Newsletter T&P La prescrizione dei crediti retributivi nel contratto a tutele crescenti A cura di Damiana Lesce e Valeria De Lucia

Tutti i diritti derivanti dal rapporto di lavoro debbono essere esercitati entro un certo periodo di tempo, pena la loro estinzione per prescrizione.

In particolare, la maggior parte dei crediti aventi natura retributiva e corrisposti con una periodicità annuale od inferiore, compresi gli eventuali interessi, soggiacciono alla prescrizione estintiva quinquennale.

Si prescrivono, quindi, in cinque anni il diritto alle retribuzioni ed alle differenze retributive dovute a vario titolo, le indennità spettanti in occasione della cessazione del rapporto di lavoro, etc.

Vi è poi una prescrizione decennale per i crediti aventi natura risarcitoria.

In passato, l’istituto di che trattasi è stato oggetto di importanti interventi della Corte Costituzionale e della Corte di Cassazione con riguardo al tema della decorrenza dei termini della prescrizione.

Significativa fu al riguardo la sentenza della Corte Costituzionale n. 63 del lontano 10 giugno 1966: partendo dalla considerazione che, durante il rapporto di lavoro, il lavoratore si trova in una condizione di sudditanza psicologica che si concretizza “nel timore del recesso, cioè del licenziamento che spinge o può spingere lo stesso sulla via della rinuncia ad una parte dei propri diritti” la Corte affermò che i termini decorrevano dalla cessazione del rapporto di lavoro.

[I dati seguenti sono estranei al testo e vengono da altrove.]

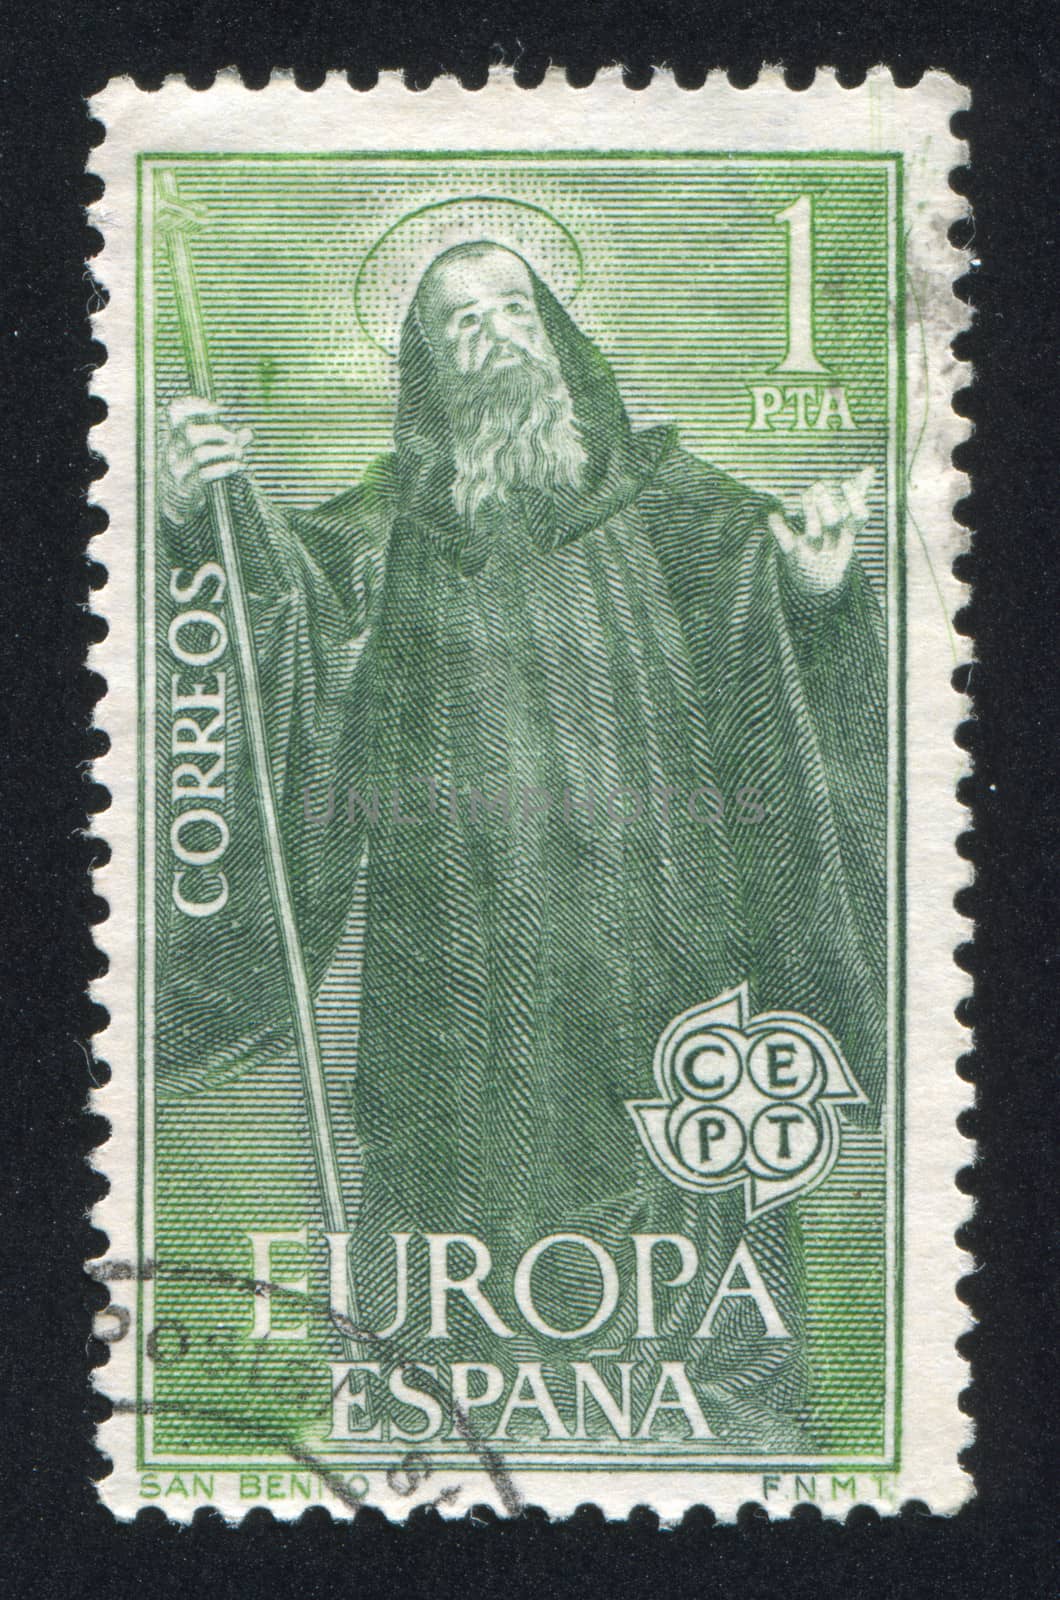 SPAIN - CIRCA 1965: stamp printed by Spain, shows St. Benedict, circa 1965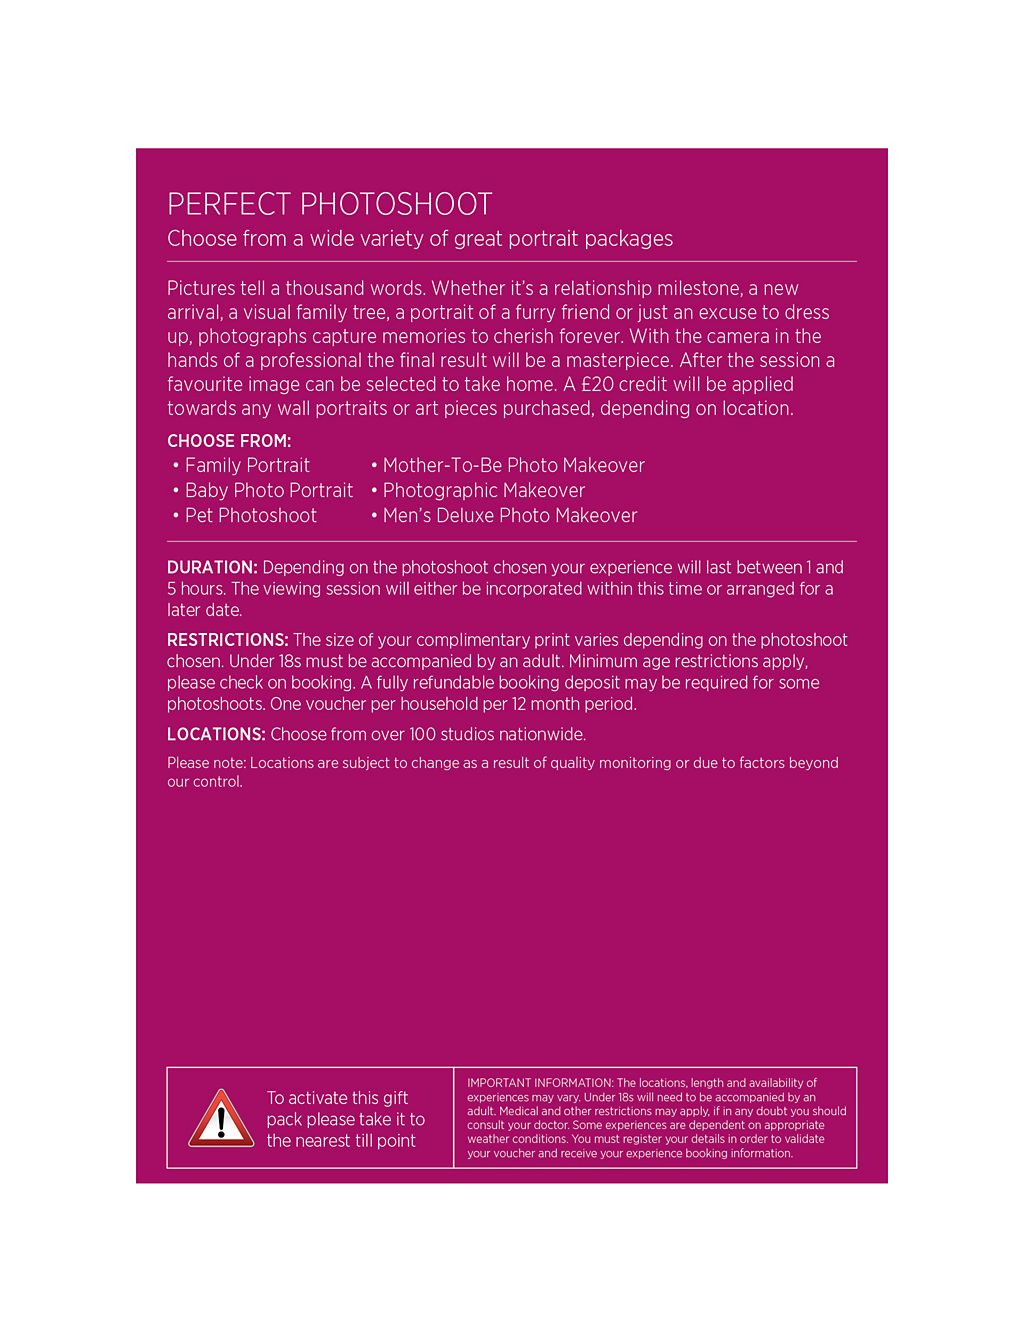 Perfect Photoshoot - Gift Experience Voucher 2 of 7

Tale affermazione venne poi parzialmente corretta dalla stessa Corte Costituzionale a seguito dell’entrata in vigore della Legge 15 luglio 1966 n. 604 (“Norme sui licenziamenti individuali”) prima e dell’art. 18 della L. 20 maggio 1970 n. 300 (“Statuto dei Lavoratori”) dopo.

In particolare, con la sentenza n. 174 del 12 dicembre 1972 la Corte Costituzionale concluse che il principio affermato con la decisione n. 66 del 1966 “non doveva trovare applicazione tutte le volte che il rapporto di lavoro subordinato sia caratterizzato da una particolare forza di resistenza, quale deriva da una disciplina che assicuri normalmente la stabilità del rapporto e fornisca le garanzie di appositi rimedi giurisdizionali contro ogni illegittima risoluzione”.

Tale orientamento fu confermato dalle Sezioni Unite della Corte di Cassazione con la sentenza n. 1268 del 12 aprile 1976 nonché dalle pronunce successive.

Il principio oggi vigente è quello secondo il quale la disciplina della decorrenza della prescrizione ordinaria non è unica per qualsiasi rapporto di lavoro.

Essa dipende dal grado di stabilità del rapporto “ritenendosi stabile ogni rapporto che, indipendentemente dal carattere pubblico o privato del datore di lavoro, sia regolato da una disciplina la quale sul piano sostanziale subordini la legittimità e l’efficacia della risoluzione alla sussistenza di circostanze obiettive e predeterminate e, sul piano processuale, affidi al giudice il sindacato su tali circostanze e la possibilità di rimuovere gli effetti del licenziamento illegittimo”.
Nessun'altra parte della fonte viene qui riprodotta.